In the records below, the relevant part opens with the line containing "Τμήμα Επικοινωνίας και" and closes with the line containing "배우 송하윤의 학폭 사건"; print that part exactly and only, without its pictures.

- _MATERIAL SHOWN_

========

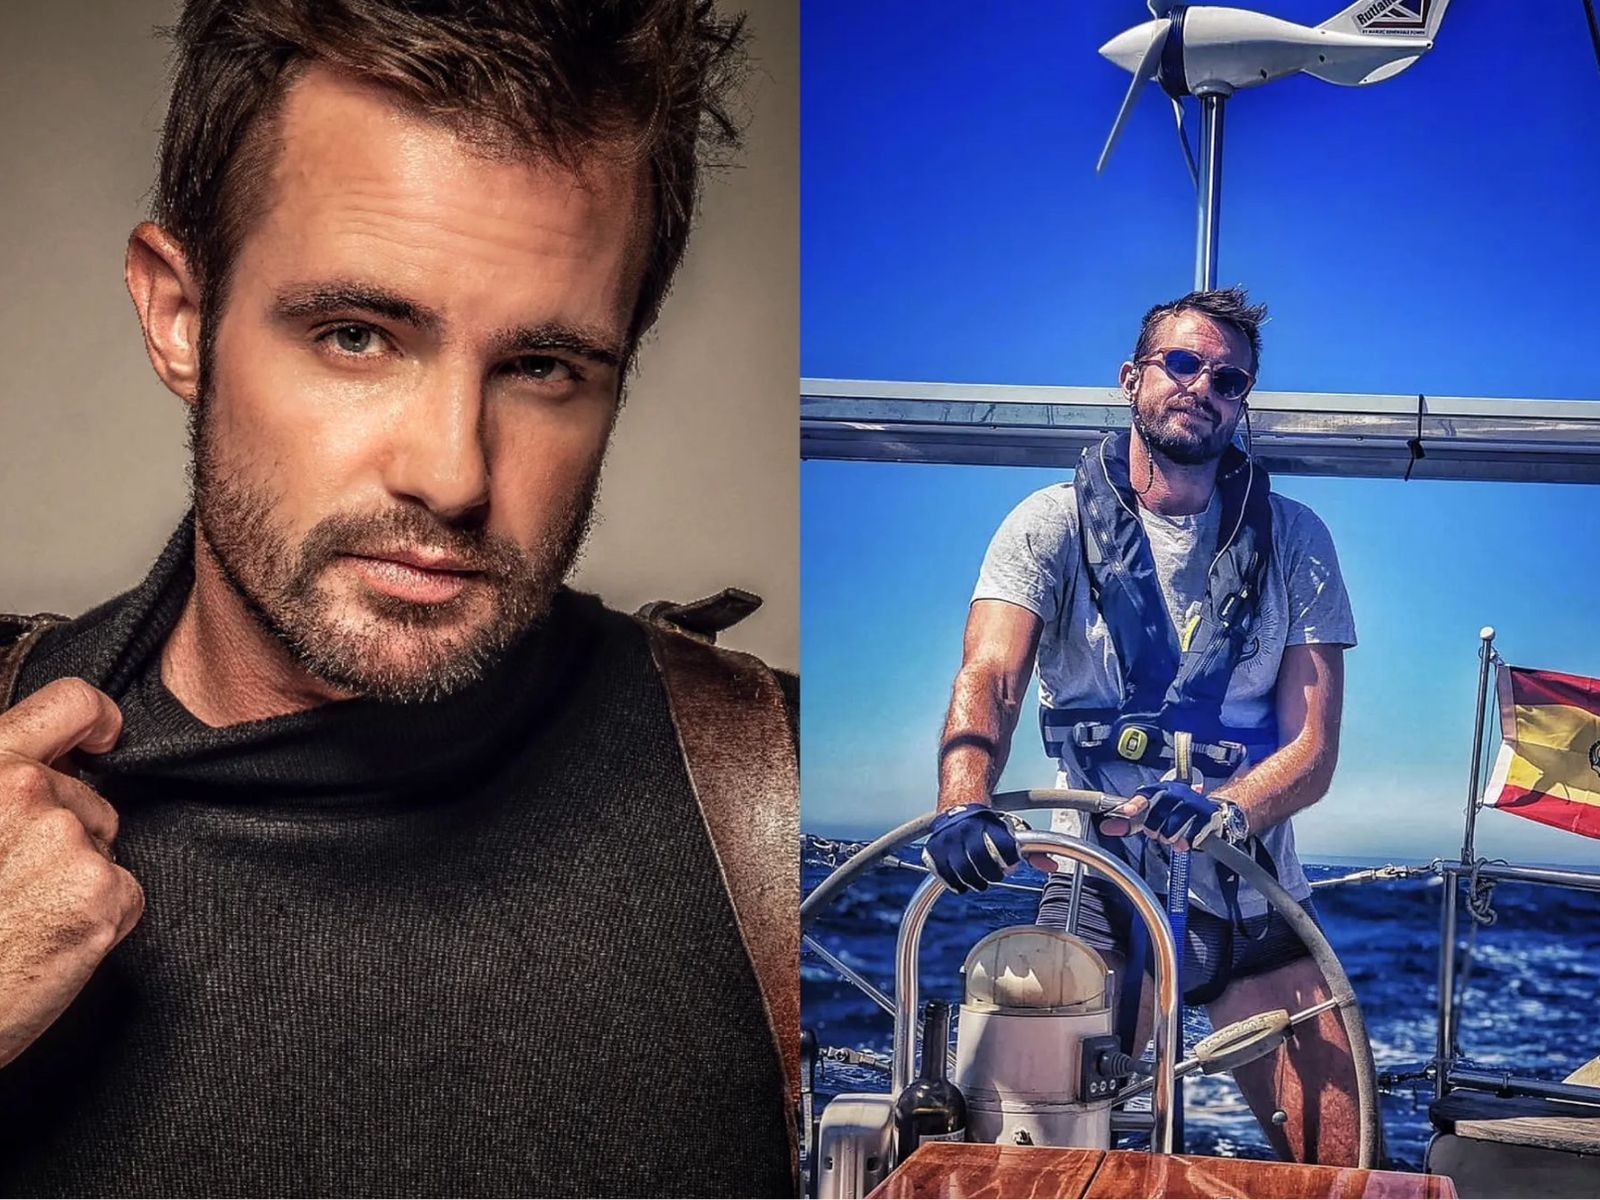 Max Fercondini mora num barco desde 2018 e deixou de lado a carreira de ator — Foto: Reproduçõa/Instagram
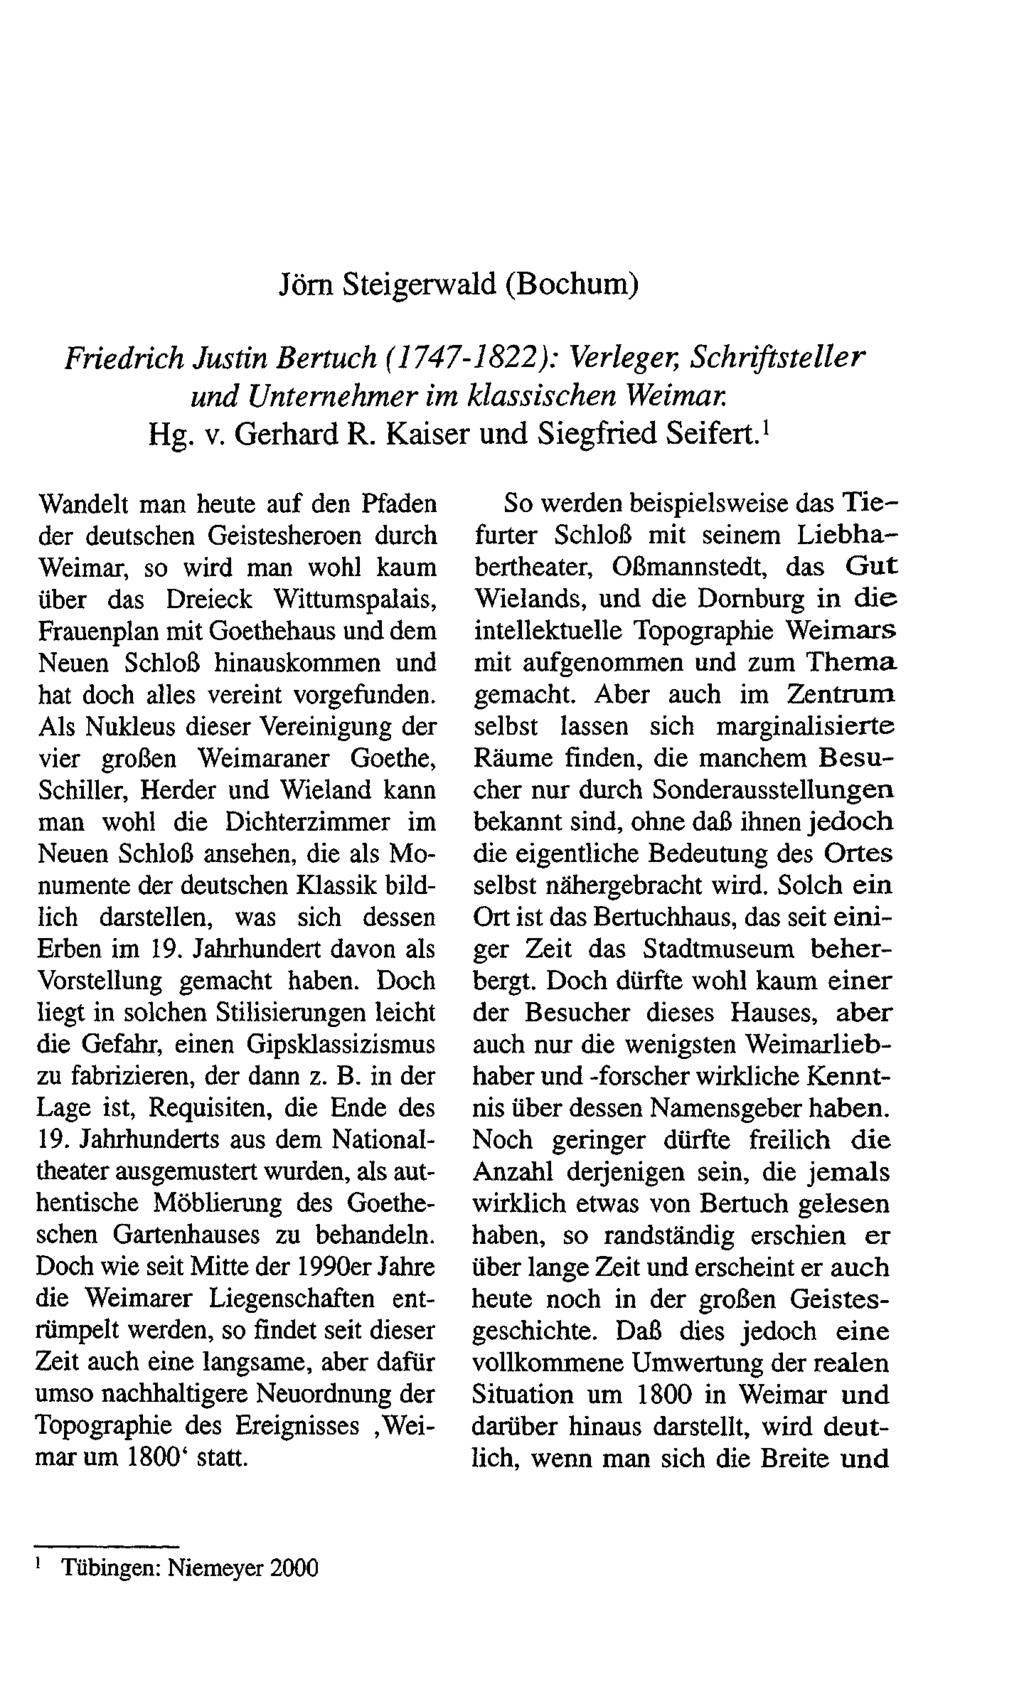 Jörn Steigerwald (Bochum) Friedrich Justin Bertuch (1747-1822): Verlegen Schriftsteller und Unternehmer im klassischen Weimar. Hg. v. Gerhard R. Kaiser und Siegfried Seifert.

========

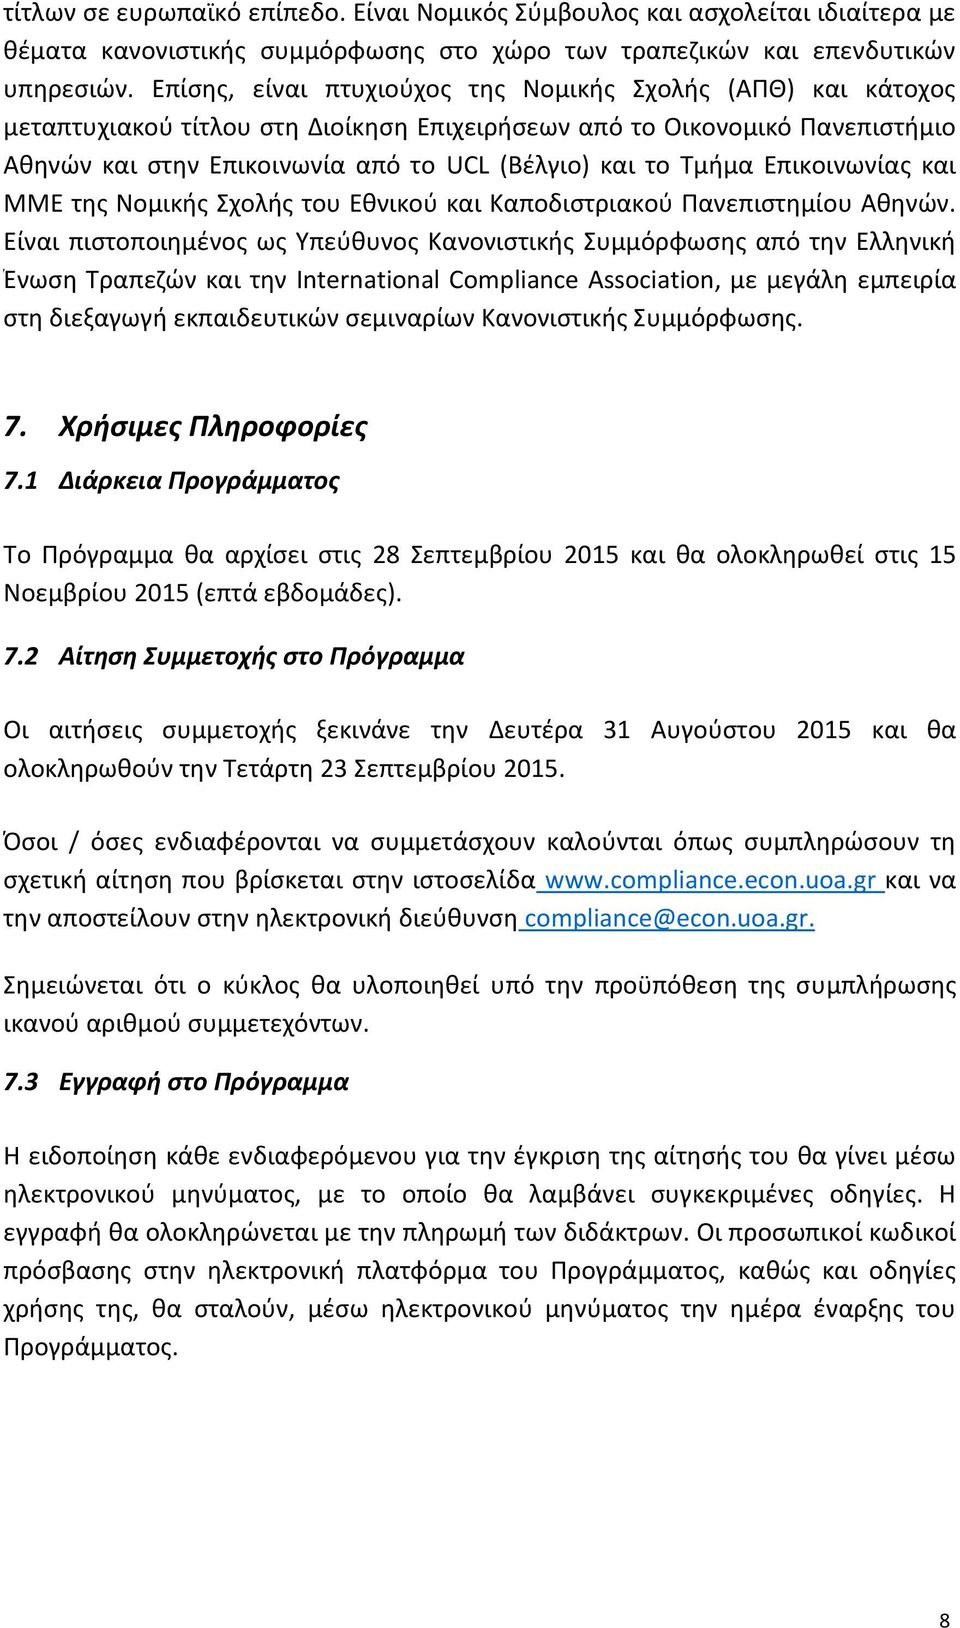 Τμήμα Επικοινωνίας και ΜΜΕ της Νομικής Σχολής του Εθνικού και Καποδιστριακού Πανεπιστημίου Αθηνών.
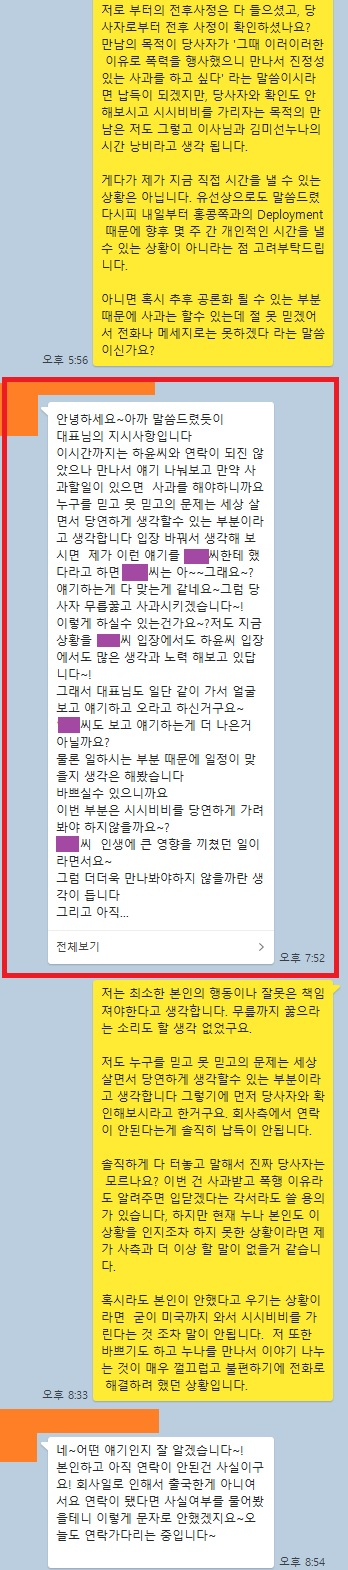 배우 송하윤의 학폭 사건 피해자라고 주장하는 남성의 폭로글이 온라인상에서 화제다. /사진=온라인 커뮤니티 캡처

========

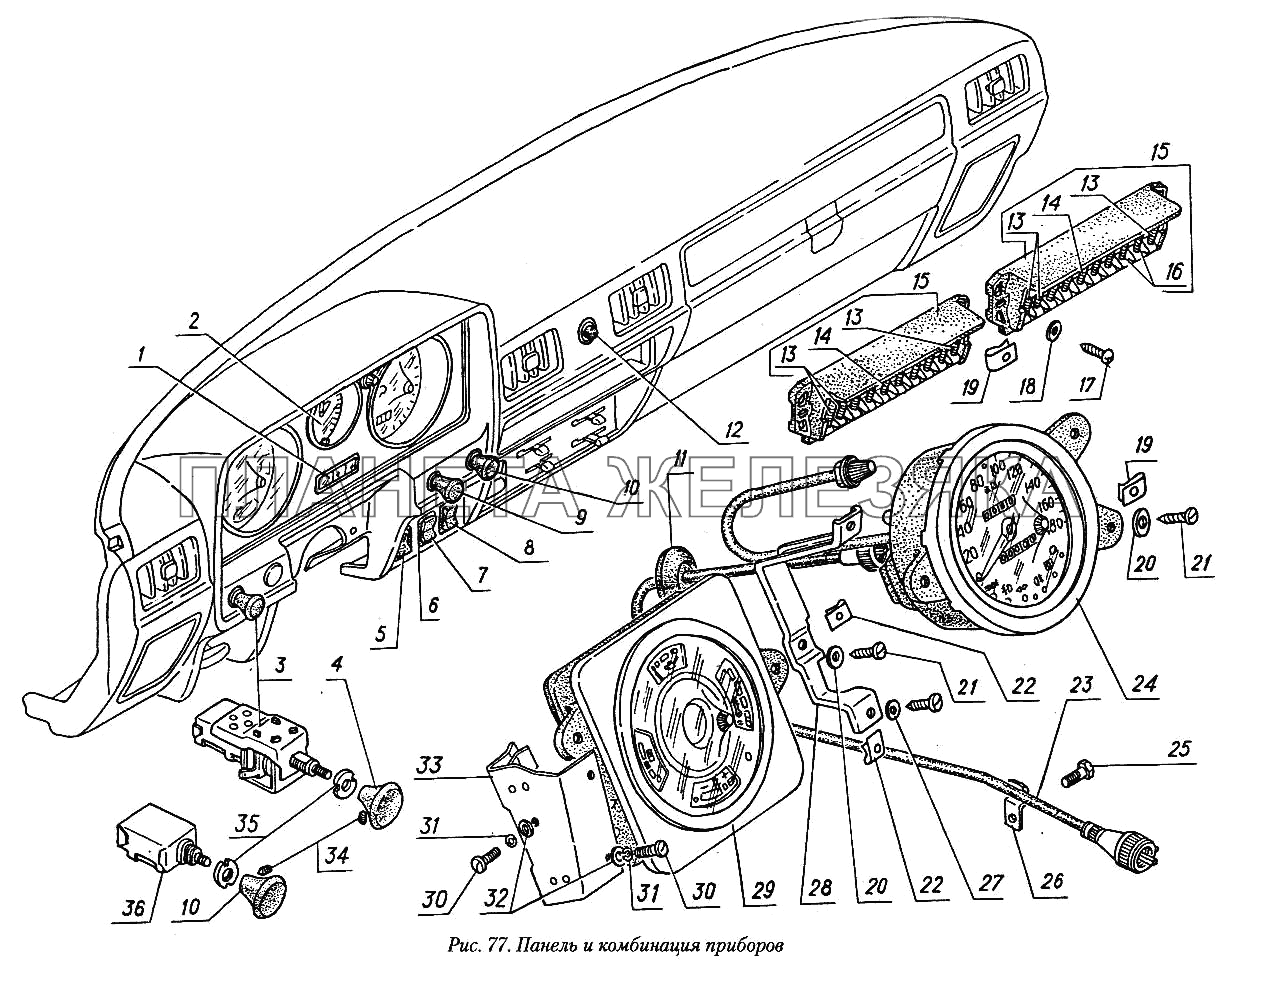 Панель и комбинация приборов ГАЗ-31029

========

- _EXERCISE OUTPUT_
 Τμήμα Επικοινωνίας και ΜΜΕ της Νομικής Σχολής του Εθνικού και Καποδιστριακού Πανεπιστημίου Αθηνών.
 배우 송하윤의 학폭 사건 피해자라고 주장하는 남성의 폭로글이 온라인상에서 화제다. /사진=온라인 커뮤니티 캡처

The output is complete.